Information supplied section start

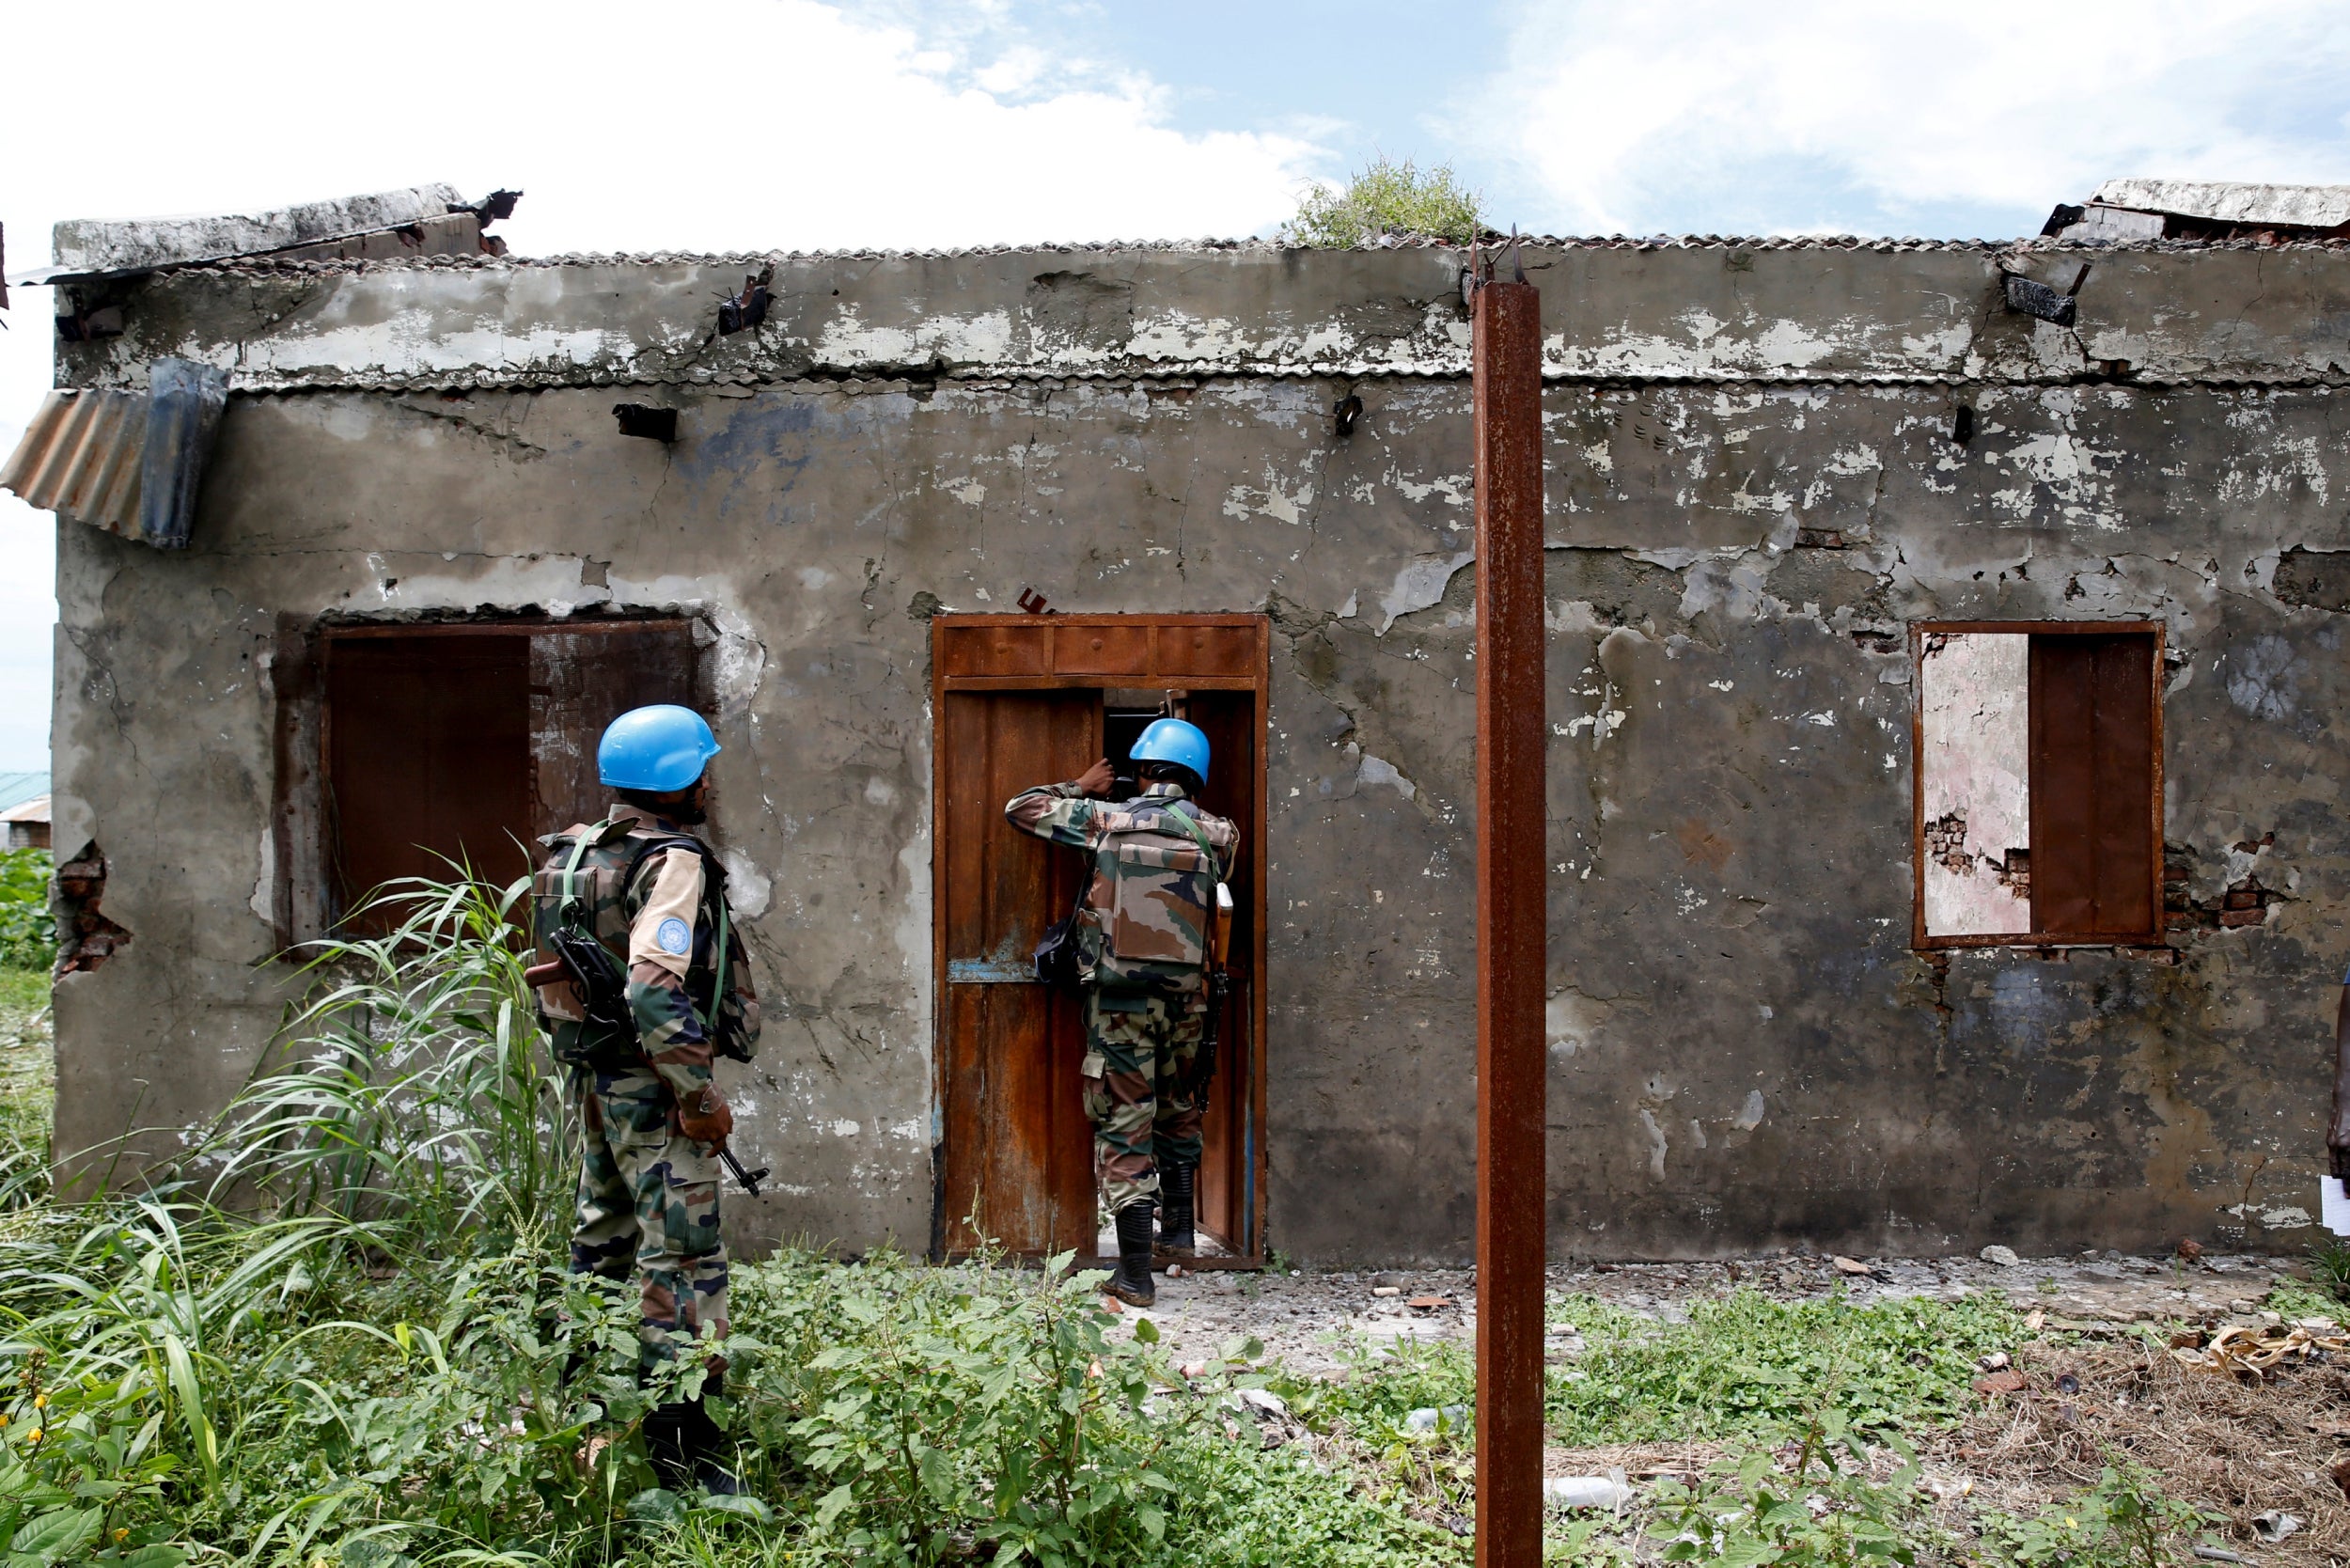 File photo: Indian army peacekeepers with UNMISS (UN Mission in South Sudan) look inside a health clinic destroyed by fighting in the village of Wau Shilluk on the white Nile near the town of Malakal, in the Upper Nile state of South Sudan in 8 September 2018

Information supplied section end
Information supplied section start

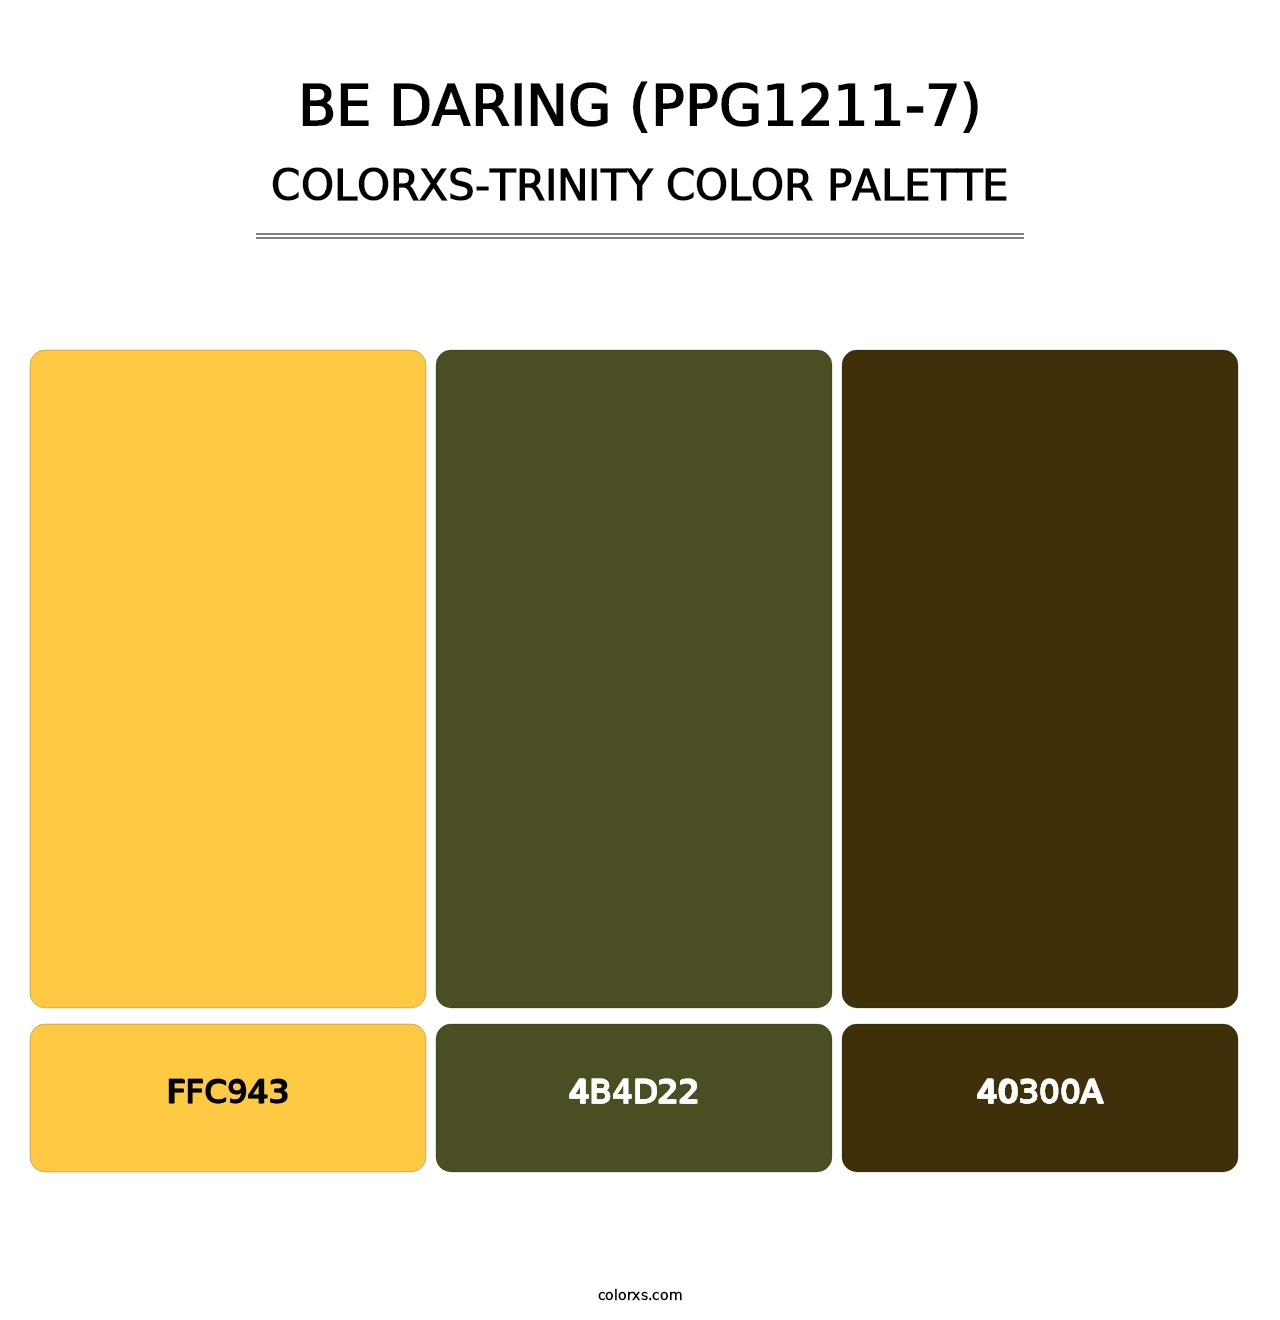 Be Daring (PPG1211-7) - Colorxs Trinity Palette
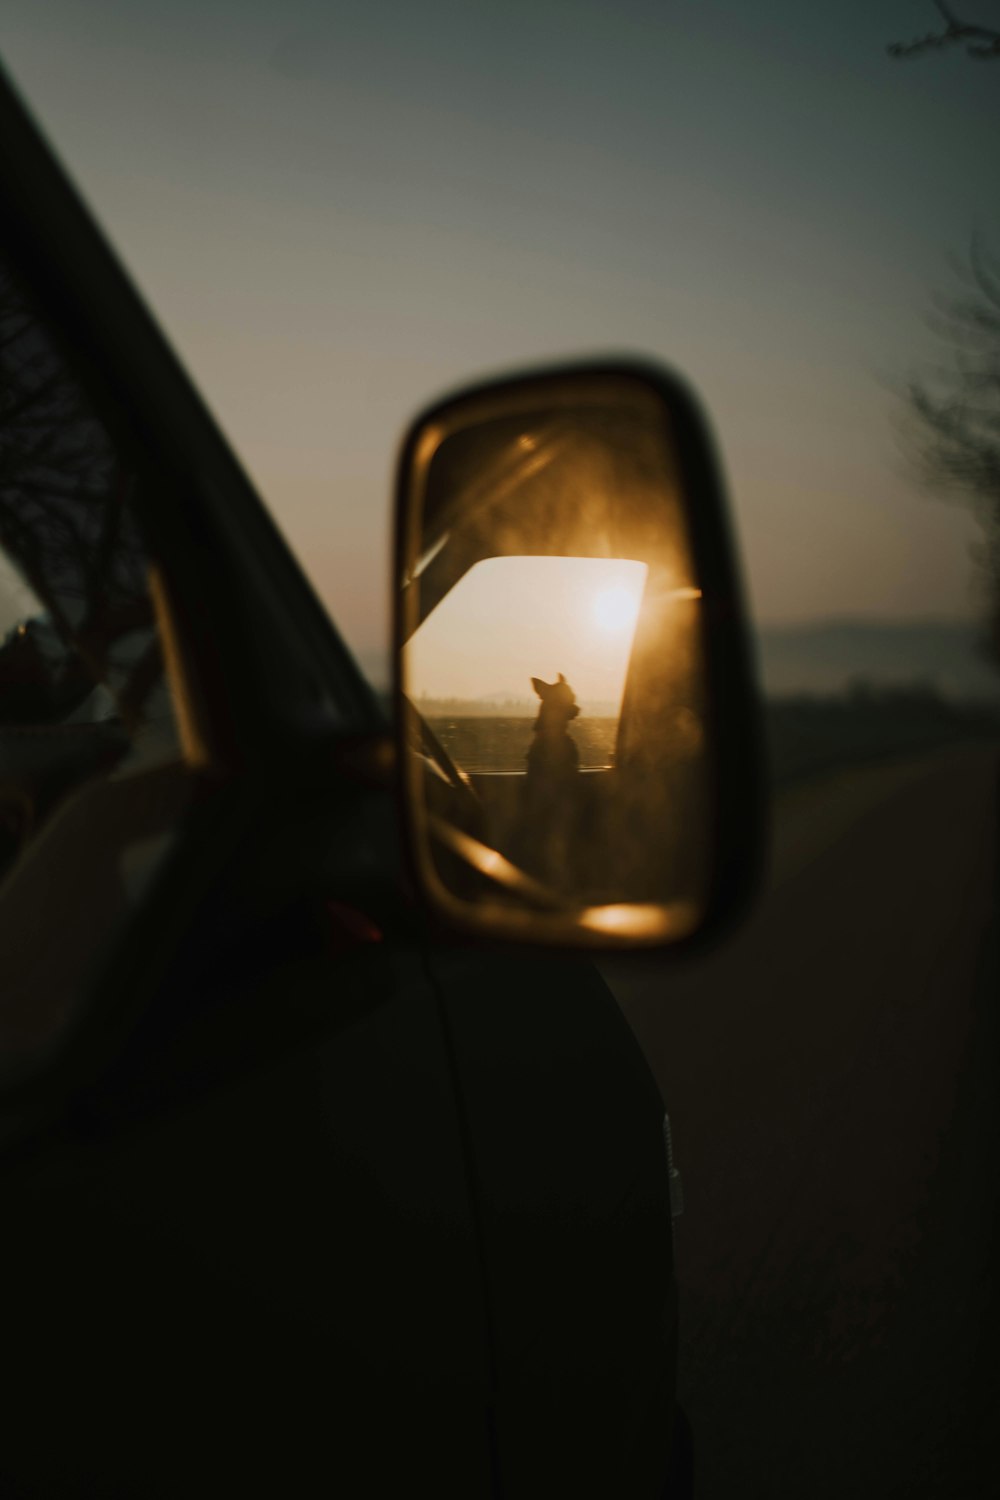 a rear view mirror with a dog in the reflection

Information supplied section end

**Task:**
Within the listing above, write out the stretch from the line with "Be Daring (PPG1211-7)" through the line with "a rear view" exactly. Any pictures are to be left out.

**Result of the exercise:**
 Be Daring (PPG1211-7) - Colorxs Trinity Palette
 a rear view mirror with a dog in the reflection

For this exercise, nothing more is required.